▶ ACTIVITY: Pull every line with the word "view" out of the entries below.

▶ Records drawn from a dataset:
== Segment start ==
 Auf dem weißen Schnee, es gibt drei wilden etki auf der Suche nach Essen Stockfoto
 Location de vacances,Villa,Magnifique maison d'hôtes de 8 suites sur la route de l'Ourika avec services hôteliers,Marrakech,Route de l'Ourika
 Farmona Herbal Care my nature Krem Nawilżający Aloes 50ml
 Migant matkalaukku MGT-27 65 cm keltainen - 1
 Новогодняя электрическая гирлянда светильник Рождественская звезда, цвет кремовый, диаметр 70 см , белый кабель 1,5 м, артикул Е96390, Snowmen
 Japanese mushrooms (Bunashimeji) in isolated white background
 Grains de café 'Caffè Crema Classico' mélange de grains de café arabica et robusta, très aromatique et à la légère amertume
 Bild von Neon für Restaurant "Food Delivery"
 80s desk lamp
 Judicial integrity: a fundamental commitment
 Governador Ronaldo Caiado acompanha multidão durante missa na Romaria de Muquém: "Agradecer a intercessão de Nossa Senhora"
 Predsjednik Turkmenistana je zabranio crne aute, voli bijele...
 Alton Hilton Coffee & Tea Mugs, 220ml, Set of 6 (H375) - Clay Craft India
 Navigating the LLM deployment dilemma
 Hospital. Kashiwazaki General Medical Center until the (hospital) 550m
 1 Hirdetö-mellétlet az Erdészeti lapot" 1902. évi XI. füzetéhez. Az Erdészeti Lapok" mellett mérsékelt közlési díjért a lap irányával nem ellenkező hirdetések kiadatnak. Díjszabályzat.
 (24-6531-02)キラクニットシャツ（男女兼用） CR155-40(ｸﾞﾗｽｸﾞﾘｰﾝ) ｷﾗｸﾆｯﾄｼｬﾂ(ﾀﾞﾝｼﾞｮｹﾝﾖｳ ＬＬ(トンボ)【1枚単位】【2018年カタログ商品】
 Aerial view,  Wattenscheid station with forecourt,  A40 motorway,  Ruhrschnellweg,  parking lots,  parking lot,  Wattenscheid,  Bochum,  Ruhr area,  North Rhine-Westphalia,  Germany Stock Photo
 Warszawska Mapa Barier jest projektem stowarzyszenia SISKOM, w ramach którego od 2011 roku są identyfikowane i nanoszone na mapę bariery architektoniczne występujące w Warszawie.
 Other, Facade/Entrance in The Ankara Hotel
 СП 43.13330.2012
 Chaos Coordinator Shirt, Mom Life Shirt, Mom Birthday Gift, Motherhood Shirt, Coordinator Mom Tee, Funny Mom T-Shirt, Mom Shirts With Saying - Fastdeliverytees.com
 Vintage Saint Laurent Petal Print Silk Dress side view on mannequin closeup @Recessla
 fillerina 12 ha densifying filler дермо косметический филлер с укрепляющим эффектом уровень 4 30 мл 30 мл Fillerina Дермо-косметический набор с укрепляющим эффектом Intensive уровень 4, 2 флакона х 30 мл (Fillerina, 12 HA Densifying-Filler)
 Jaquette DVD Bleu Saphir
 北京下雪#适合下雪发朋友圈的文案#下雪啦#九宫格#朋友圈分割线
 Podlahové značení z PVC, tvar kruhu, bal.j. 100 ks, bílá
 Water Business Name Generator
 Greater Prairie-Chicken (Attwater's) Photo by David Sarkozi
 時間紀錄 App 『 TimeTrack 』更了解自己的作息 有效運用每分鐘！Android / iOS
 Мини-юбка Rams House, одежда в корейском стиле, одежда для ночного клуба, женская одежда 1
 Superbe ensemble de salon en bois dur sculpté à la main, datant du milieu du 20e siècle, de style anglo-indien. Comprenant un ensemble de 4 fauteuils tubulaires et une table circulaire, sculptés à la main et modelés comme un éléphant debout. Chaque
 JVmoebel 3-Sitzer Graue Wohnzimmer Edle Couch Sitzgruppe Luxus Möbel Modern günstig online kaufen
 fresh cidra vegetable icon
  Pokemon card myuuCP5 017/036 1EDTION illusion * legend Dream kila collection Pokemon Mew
== Segment end ==
▶ ANSWER FOR THE TASK:
 Aerial view,  Wattenscheid station with forecourt,  A40 motorway,  Ruhrschnellweg,  parking lots,  parking lot,  Wattenscheid,  Bochum,  Ruhr area,  North Rhine-Westphalia,  Germany Stock Photo
 Vintage Saint Laurent Petal Print Silk Dress side view on mannequin closeup @Recessla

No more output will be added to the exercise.